After nearly three years online and on YouTube and twenty years in Thailand, talking about life here has become increasingly more difficult. Perhaps this is why I prefer taking photos as opposed to talking. Ever have a friend who does nothing but talk about their relationship? How good it is, how bad it is, how much they love the person, how much they hate them and how much they need them? This is sort of how I feel about talking about Thailand. So...today's post is about what I like - photography and several of my favorite photographers.
But first, when a guy writes in slamming those who come to Thailand to be with younger women, I feel the need to speak up. If there's one thing I can do without, it's some judgmental American whining about how the only reasons men come to Thailand is for the younger women.
To paraphrase, "The men who go to Thailand can't get women back home."
While this may be true for some men, it certainly isn't for all. The main point being, so what if a man is with a much younger women and so what if they don't want or can't get women back in their home country? Sounds like a hater to me - or someone with jealous tendencies.
Moving on...to the photography...
Photographers are a dime a dozen, especially with the advent of digital photography. Great photographers are capable of churning out one great photograph after another. Their photos reach parts of us not often reached and force us to do a double-take. The following three photographers are among my favorites, all for difference reasons.
Don McCullin is a tough, grizzled, old school photographer who became the photographer and person he is today because of his determination and ceaseless desire to learn. Look at his body of work and it quickly becomes apparent he has been around the block. For fifty years he covered conflict zones around the world, the last time in Syria at 77 years of age.
Between photographing conflicts, McCullin photographed The Beatles and documented the urban strife in England. All of his work that I have seen is always in black and white. Always. McCullin now abhors the title, War Photographer and he now spends his waning years photographing the English landscape. Despite his success, McCullin feels his conflict photographs were largely a failure, making little difference in the world. Wars still rage on and atrocities still continue unabated.

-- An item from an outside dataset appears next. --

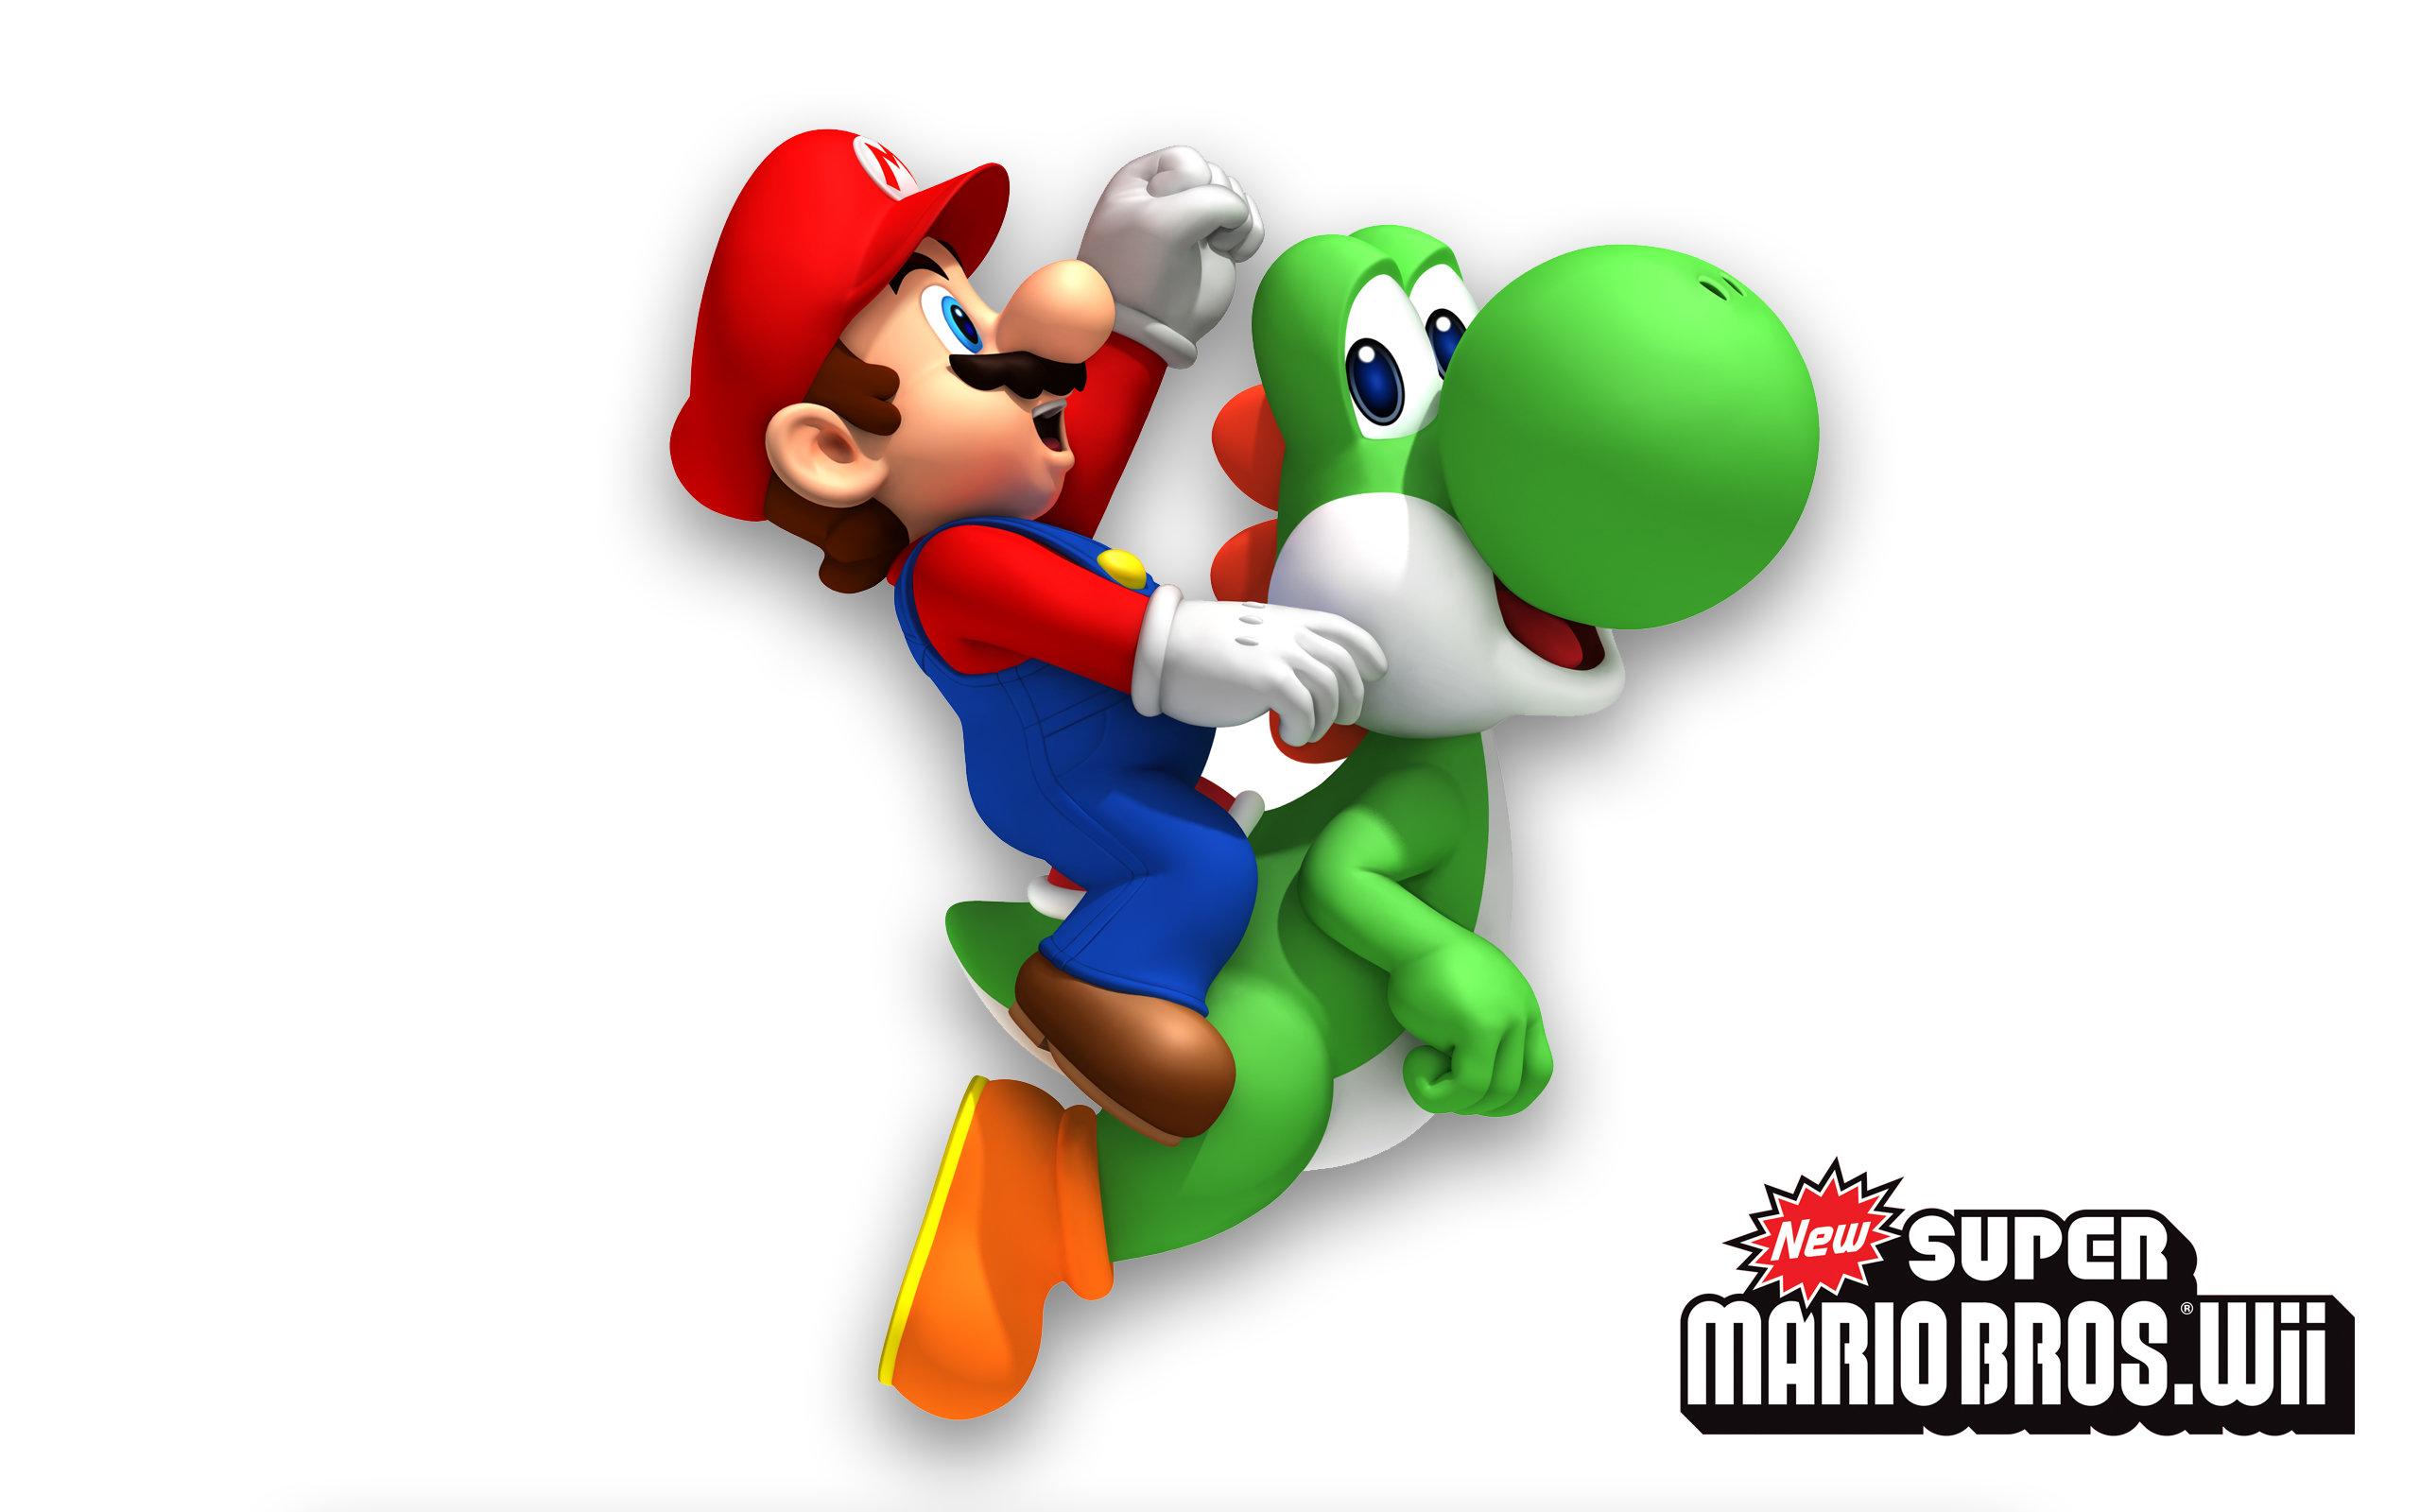 New Super Mario Bros Wii Wallpapers Hd For Desktop Backgrounds

Both of the videos shown below are excellent, however it is both interesting and somewhat comical to see McCullin learning about digital photography after using film for so many years. Take the time to sit down with some popcorn or a stiff drink and enjoy.
Interview with McCullin
What I love about Steve McCurry is his work. I honestly do not believe I have ever seen a photographer with so many spectacular photographs. This is no exaggeration. Take a look to his website and you'll find one mind-blowing photograph after another. Perhaps this is why Kodak chose McCurry to shoot the last roll of Kodachrome film.
McCurry has covered the Afghan war with the Soviets, the Iran-Iraq war, the Lebanese Civil War, the Cambodian Civil War, the Islamic insurgency in the Philippines, the Gulf War, and the Afghan Civil War. He has been a member of Magnum Photos since 1986.
His iconic photo of The Afghan Girl (Sharbat Gula) taken in 1984 is now recognized as a unique historical photo and is the most recognized photograph in National Geographic's history. In 2002, McCurry went back to Afghanistan to see if he could find out what had become of The Afghan Girl. Below is the video of the incredible search.
Michael Christopher Brown is the youngest of the three photographers I chose to feature. Nevertheless, he has already been featured on HBO, published by National Geographic and Time Magazine, and is now a Magnum Photos nominee. Brown came to my attention when I read how, after his camera broke, he photographed Libya with his iPhone - and then had his photos published in Time. One on of his journeys to Libya, Brown was wounded with his fellow journalists (and another one of my favorites) Tim Hetherington and Chris Hondros who were killed. He photographed Jane Goodall and now spends much of his time in the Democratic Republic of the Congo.